No Dangun review is complete without mentioning the Time-Attack mode. Press a+b and then start at the main screen, and you`ll fight your way for two and a half minutes shooting and collecting like there`s no tomorrow. For a change, this mode is not set in space but you`re flying over green grass and blue water - the whole mode reminds me a bit of early 90ies Compile shooters, like Super Aleste and it`s "short game". You don`t meet bosses here and the game gets frantic the second it starts, but you have unlimited lifes and it`s a solid challenge if you don`t have much time. A fine addition that adds to the already immense replay value of Dangun Feveron.

I forgot to mention that there`s a hilarious announcer, almost as cool as the one in Donpachi, that screams gibberish at you every second. "Heaven is here inside my soul" he screams at the first boss, but I might be understanding this wrong. "Watch out! Feel the music! Ess oh Ess! Can you feel it?" Simply great.

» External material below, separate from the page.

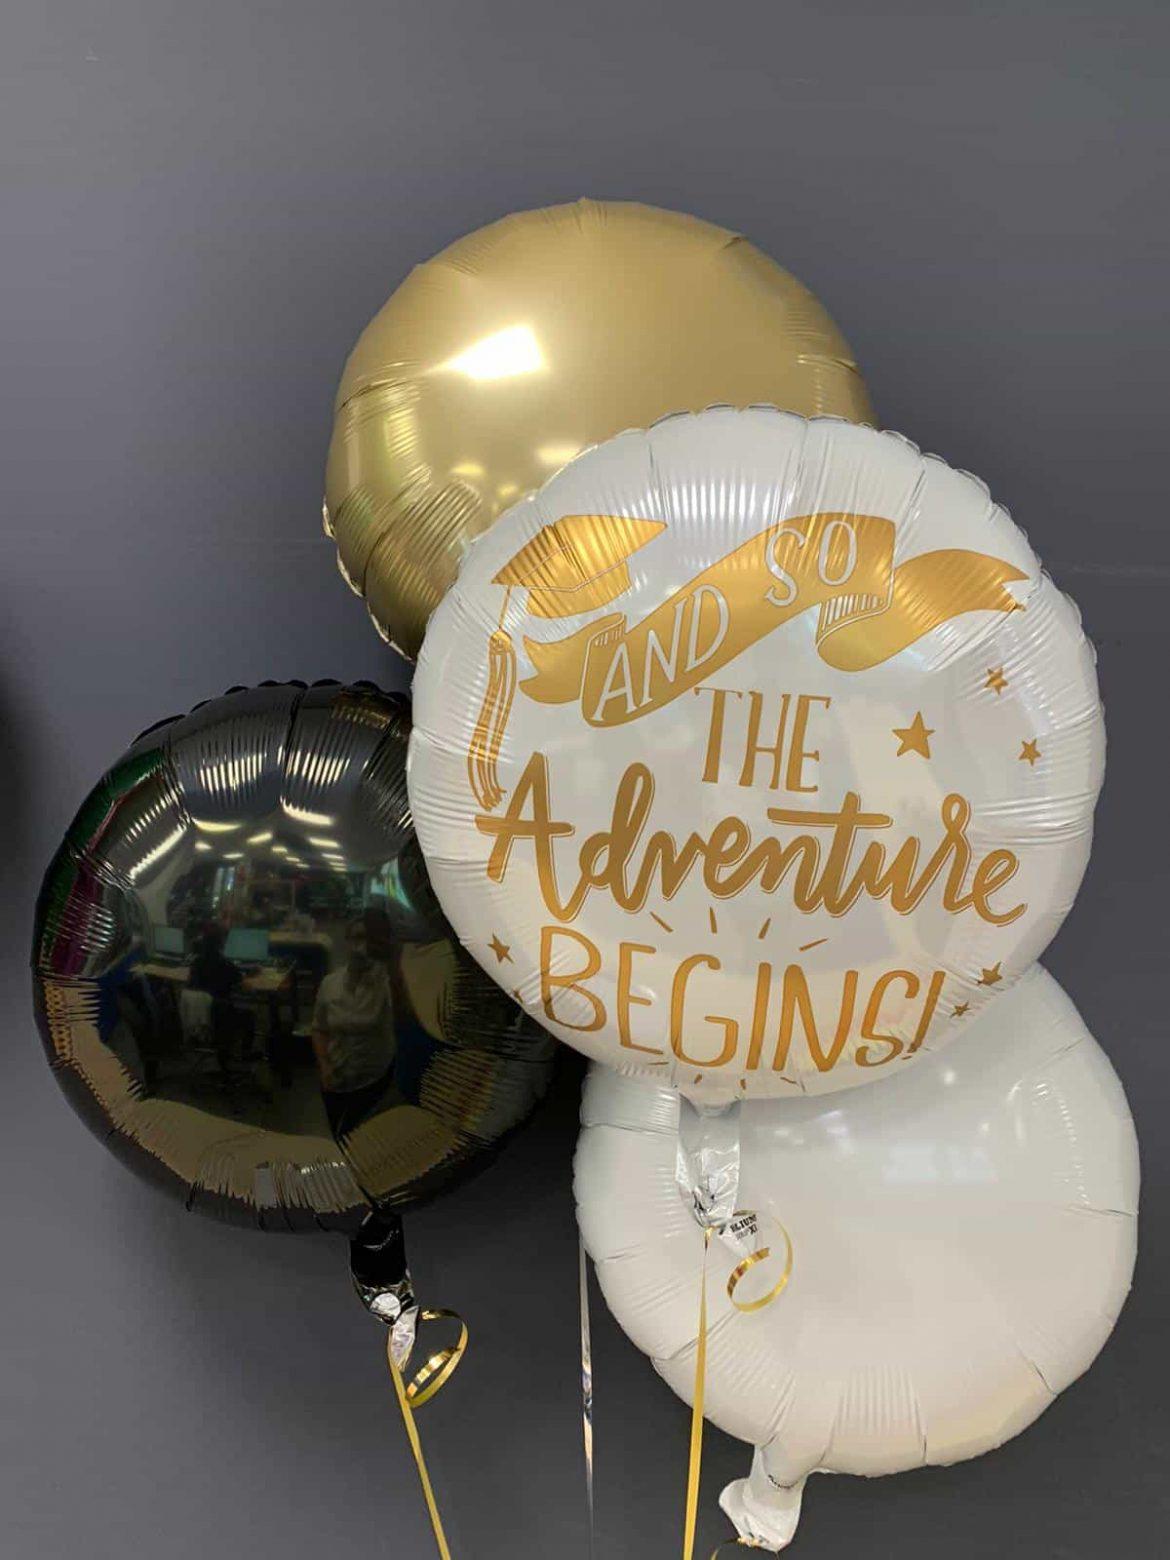 The Adventure Begins<br />Abschlussballon € 5,50<br />Dekoballons € 4,50 1
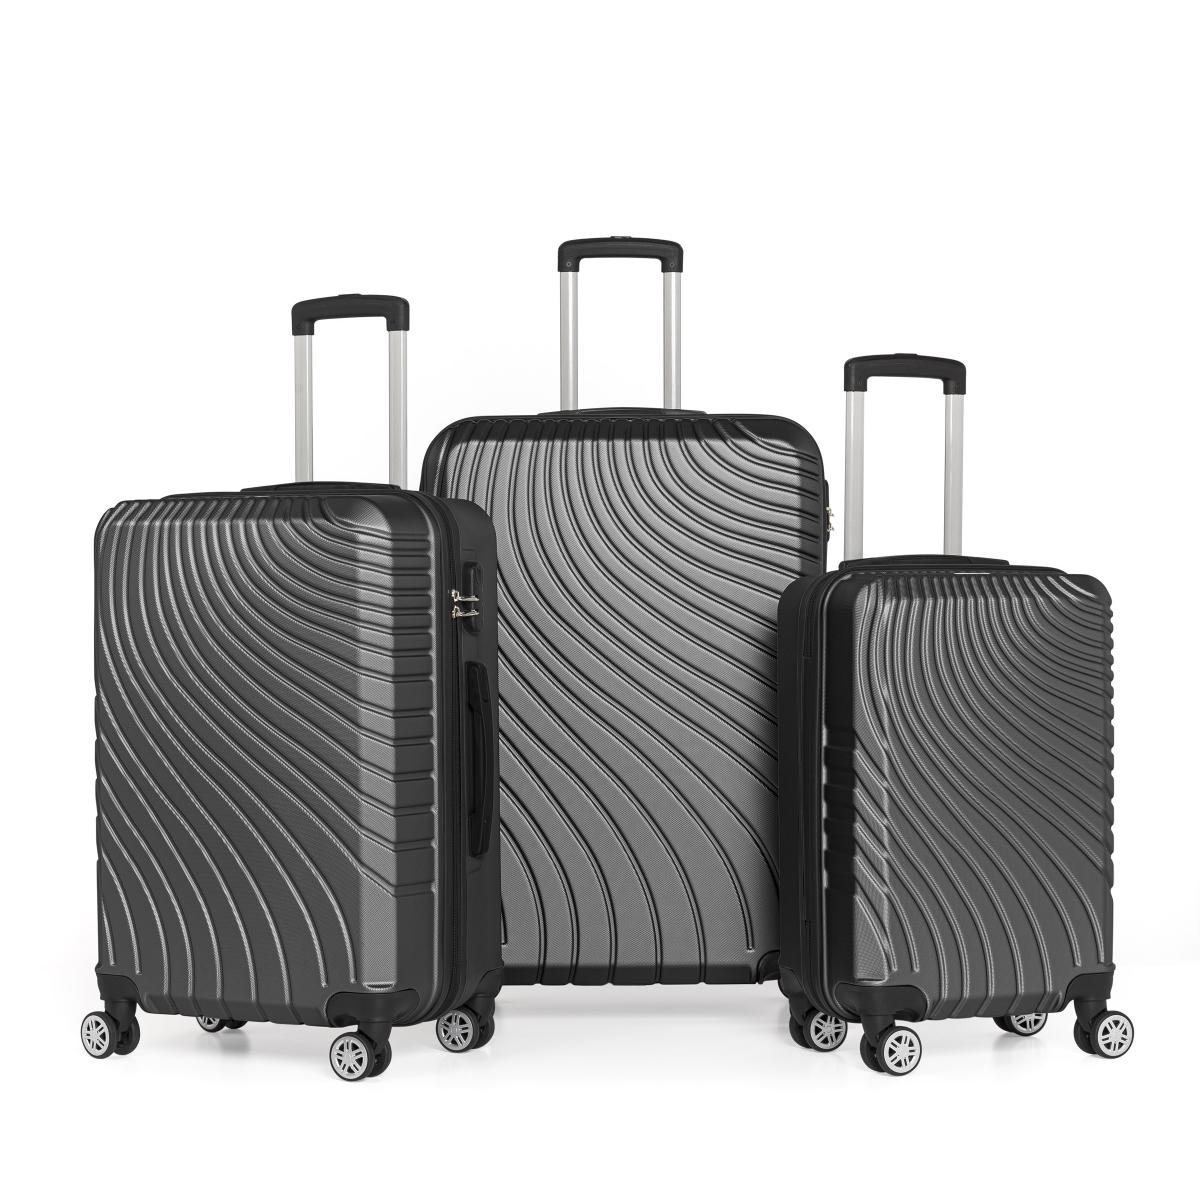 Gedox Abs 3'lü Valiz Seyahat Seti - Model:700.01 Siyah

The only sad thing about this game is that Cave haven`t made a game like this ever since, besides maybe Ketsui, some people mentioned it in the context of Feveron, and seeing some replays of it that may be or may not be the case, I can`t really tell. While being a extremely fine shmup it is cleary the most un-Caveish game of the whole bunch. While games like Guwange or Progear widened the horizon of the shoot-em-up genre, they have typical Cave trademarks all over them. Dangun Feveron is a game that stands on it`s own feet. Underrated? Yes indeed.